Blur the image (using a fast blur, like Quasimoto’s Superfast blur ). Then, when the image is blurred, perform blob detection. It’s easiest to do this using v3ga’s blobDetection library for Processing. Now, we have objects that we can work with:


From this simple example, there are literally dozens of parameters that we can use to affect sound generation in Max. For example, we can use the x,y coordinates of the detected objects, the distance between them, and angle between multiple objects, the distance from the camera to the object, etc, etc.

Sending OSC data to Max through Maxlink and unpacking it

Now that we’ve generated some interesting numerical values from the Kinect within Processing, it’s time to send it to Max. The easiest way we found to do this is using jklabs’ MaxLink libraries, which send UDP messages between the programs on the local subnet. Basically, UDP is a faster way to send messages because the protocol doesn’t actually confirm whether they were recieved (versus the TCP protocol that is used across the internet to ensure reliable delivery, at the cost of increased overhead). But since we are running processing and Max on the same computer, UDP is completely fine since packets won’t get lost.

From processing, the Maxlink is created like this:

// The link to Max
  MaxLink link = new MaxLink(this, "kinect");

// The link to Max
  MaxLink link = new MaxLink(this, "kinect");

And messages can be sent out like this once we’ve done our calculations in Processing — Notice how we are separating the different values we want to pass using spaces.

link.output(x1 + " " + y1 + " " + x2 + " " + y2);

Then in Max, the messages can be unpacked in the same order that they were constructed:


As you can see, the order in which the messages are sent in processing is the order in which they come out in Max.

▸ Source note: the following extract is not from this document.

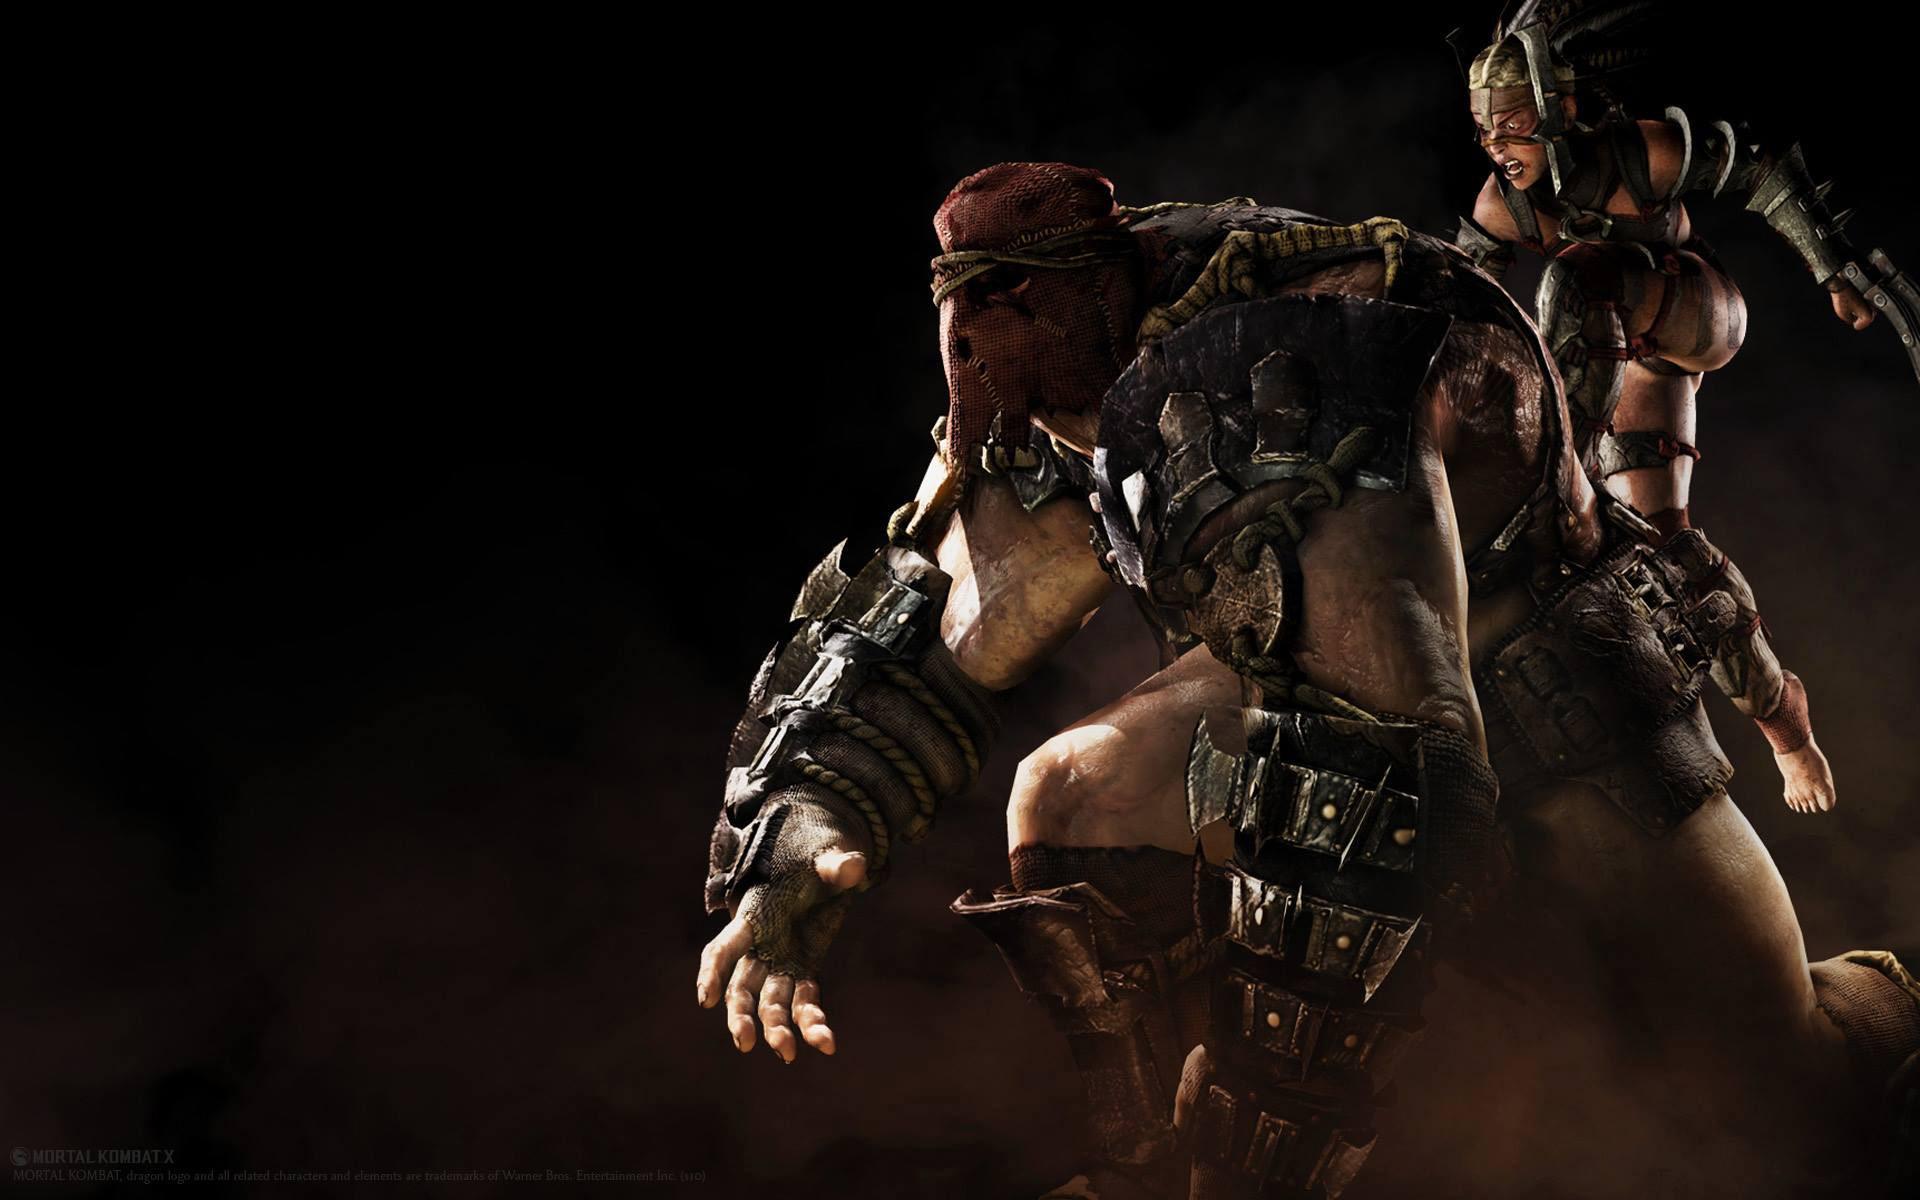 Watch Scorpion S Uncensored Mortal Kombat X Fatality Plus New Art

We found it useful to have the values sent default to -1 if there wasn’t useful information (for example if there was only one object in the scene) so that this could be caught in Max. Then, these numbers can be used to control delay, pitch, etc. We played around with using a simple sampler and altering the parameters there.

The result: interactive sound!

Body music: Connecting Kinect to Max with processing from Filip Zembowicz on Vimeo.

This is the first thing we made with this technique - have fun with this!